(Data entries)
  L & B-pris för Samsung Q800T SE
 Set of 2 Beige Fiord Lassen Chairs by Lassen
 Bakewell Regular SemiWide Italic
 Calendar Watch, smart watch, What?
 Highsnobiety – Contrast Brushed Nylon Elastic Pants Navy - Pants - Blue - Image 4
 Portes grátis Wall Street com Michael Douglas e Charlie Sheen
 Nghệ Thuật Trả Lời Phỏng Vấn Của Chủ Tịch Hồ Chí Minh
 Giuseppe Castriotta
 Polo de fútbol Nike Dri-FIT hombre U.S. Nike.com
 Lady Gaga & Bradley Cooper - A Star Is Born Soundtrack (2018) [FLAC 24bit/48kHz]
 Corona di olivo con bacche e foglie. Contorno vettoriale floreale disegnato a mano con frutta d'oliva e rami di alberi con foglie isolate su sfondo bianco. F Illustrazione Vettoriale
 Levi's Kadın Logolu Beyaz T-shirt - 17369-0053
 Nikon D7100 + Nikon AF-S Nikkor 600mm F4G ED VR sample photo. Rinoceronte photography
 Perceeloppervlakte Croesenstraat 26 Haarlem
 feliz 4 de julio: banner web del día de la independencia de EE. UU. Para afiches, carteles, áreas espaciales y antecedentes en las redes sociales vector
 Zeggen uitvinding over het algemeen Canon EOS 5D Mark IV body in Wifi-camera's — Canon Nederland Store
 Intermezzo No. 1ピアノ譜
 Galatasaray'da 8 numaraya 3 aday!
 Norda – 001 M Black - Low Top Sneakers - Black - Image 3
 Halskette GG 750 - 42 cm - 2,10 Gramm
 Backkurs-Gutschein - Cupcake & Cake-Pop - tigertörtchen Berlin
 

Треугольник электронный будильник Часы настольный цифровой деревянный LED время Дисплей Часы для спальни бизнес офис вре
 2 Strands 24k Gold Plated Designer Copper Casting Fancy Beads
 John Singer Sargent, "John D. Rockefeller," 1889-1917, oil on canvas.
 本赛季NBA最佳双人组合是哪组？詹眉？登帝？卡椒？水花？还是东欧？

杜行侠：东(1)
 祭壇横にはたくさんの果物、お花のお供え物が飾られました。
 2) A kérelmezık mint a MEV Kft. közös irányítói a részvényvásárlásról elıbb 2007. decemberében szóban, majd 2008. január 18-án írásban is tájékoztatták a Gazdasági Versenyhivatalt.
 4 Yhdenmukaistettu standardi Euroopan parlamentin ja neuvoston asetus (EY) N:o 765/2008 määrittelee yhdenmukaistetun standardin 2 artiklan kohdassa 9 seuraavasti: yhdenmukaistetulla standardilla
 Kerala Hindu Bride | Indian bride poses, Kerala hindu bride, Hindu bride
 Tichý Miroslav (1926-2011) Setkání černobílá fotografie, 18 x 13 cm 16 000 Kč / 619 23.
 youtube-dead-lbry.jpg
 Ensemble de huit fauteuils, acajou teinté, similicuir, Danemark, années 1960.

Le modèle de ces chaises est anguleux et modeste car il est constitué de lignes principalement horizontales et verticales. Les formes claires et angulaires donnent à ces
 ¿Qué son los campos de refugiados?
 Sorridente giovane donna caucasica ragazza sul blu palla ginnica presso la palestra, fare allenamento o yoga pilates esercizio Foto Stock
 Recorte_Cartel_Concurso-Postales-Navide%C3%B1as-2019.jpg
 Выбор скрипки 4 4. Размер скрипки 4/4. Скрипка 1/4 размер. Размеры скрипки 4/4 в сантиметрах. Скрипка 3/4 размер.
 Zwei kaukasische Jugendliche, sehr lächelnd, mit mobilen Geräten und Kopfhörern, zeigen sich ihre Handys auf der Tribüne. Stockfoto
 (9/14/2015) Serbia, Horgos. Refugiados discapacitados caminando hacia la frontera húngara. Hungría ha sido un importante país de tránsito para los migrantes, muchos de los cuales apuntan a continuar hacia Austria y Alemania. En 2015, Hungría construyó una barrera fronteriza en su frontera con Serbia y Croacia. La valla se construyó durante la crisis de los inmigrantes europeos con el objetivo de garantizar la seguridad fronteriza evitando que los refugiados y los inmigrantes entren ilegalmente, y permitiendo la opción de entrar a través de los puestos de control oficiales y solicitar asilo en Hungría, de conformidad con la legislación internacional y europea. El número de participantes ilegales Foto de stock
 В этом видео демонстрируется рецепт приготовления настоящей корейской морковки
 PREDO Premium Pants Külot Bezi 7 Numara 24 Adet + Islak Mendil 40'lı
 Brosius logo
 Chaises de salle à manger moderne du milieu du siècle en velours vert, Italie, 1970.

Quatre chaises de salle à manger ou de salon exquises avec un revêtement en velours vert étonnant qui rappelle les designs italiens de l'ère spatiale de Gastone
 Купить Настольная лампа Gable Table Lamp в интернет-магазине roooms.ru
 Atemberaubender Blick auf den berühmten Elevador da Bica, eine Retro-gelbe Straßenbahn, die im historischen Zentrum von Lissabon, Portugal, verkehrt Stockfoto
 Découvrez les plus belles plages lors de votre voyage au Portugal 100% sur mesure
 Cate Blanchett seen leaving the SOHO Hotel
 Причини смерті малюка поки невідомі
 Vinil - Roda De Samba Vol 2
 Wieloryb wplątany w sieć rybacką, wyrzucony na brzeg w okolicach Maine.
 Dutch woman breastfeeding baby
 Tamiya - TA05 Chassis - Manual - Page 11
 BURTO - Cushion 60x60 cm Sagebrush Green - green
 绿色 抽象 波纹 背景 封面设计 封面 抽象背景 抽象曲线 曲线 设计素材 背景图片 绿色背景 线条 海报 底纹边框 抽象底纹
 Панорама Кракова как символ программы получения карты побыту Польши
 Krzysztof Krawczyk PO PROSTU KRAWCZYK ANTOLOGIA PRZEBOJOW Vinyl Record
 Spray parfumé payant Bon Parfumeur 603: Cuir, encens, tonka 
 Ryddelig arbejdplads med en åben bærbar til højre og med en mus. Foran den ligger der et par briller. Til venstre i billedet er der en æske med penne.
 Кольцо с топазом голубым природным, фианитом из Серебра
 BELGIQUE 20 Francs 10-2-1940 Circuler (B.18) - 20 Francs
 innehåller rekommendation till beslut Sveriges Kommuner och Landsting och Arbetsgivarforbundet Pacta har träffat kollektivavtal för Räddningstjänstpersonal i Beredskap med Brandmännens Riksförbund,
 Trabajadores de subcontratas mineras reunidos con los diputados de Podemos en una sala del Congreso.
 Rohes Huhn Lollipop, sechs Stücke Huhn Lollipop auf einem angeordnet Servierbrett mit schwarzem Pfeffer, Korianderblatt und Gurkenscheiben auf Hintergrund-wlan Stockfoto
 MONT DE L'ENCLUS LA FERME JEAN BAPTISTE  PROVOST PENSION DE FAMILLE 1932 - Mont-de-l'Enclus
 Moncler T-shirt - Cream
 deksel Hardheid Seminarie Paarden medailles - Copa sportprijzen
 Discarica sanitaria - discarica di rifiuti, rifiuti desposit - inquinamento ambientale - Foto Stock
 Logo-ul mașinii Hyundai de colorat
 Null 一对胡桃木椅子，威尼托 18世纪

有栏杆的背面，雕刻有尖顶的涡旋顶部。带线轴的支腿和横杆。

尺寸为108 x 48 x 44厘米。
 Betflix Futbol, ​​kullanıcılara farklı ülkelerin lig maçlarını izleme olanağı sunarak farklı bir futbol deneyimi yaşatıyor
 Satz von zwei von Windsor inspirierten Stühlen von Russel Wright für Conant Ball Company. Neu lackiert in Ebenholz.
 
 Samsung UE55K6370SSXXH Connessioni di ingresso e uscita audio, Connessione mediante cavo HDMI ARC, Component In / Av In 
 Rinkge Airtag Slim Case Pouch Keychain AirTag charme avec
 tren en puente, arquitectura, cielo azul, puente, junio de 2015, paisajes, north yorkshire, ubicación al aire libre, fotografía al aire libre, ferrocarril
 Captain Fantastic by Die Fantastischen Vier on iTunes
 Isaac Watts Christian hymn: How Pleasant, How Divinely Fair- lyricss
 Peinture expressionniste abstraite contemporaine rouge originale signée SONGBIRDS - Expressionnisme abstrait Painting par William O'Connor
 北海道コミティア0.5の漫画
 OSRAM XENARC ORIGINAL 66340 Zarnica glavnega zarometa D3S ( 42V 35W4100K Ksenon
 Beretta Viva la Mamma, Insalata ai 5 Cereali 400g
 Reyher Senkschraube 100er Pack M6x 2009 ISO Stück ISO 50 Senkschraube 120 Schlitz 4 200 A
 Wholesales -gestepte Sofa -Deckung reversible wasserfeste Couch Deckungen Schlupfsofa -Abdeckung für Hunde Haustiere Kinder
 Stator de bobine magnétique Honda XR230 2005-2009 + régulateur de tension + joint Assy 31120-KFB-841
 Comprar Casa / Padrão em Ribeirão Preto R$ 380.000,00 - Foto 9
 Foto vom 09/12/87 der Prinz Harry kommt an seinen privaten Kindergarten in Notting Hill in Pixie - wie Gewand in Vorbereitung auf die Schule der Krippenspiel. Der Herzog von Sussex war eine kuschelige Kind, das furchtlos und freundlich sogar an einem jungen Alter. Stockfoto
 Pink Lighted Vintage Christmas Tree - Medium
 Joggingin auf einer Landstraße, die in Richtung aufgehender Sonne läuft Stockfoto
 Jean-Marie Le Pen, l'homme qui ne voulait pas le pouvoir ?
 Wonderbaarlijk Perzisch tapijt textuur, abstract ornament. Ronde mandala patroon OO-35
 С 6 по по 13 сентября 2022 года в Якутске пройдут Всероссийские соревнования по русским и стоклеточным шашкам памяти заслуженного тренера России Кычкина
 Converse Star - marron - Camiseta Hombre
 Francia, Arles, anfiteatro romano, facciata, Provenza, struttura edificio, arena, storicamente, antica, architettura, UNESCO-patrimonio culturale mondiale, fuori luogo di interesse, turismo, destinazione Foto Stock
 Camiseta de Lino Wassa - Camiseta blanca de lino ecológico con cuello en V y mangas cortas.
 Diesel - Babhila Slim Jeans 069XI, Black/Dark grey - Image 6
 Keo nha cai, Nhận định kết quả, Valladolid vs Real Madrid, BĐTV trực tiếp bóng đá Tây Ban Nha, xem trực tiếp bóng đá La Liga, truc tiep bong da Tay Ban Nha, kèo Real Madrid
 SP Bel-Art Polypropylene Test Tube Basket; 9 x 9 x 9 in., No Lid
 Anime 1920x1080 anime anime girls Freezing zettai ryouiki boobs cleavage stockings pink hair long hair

:: Problem ::
Return, with no change at all, every line in the entries above from the line containing "有栏杆的背面，雕刻有尖顶的涡旋顶部。带线轴的支腿和横杆。" through the line containing "Samsung UE55K6370SSXXH Connessioni".

:: Answer section ::
有栏杆的背面，雕刻有尖顶的涡旋顶部。带线轴的支腿和横杆。

尺寸为108 x 48 x 44厘米。
 Betflix Futbol, ​​kullanıcılara farklı ülkelerin lig maçlarını izleme olanağı sunarak farklı bir futbol deneyimi yaşatıyor
 Satz von zwei von Windsor inspirierten Stühlen von Russel Wright für Conant Ball Company. Neu lackiert in Ebenholz.
 
 Samsung UE55K6370SSXXH Connessioni di ingresso e uscita audio, Connessione mediante cavo HDMI ARC, Component In / Av In 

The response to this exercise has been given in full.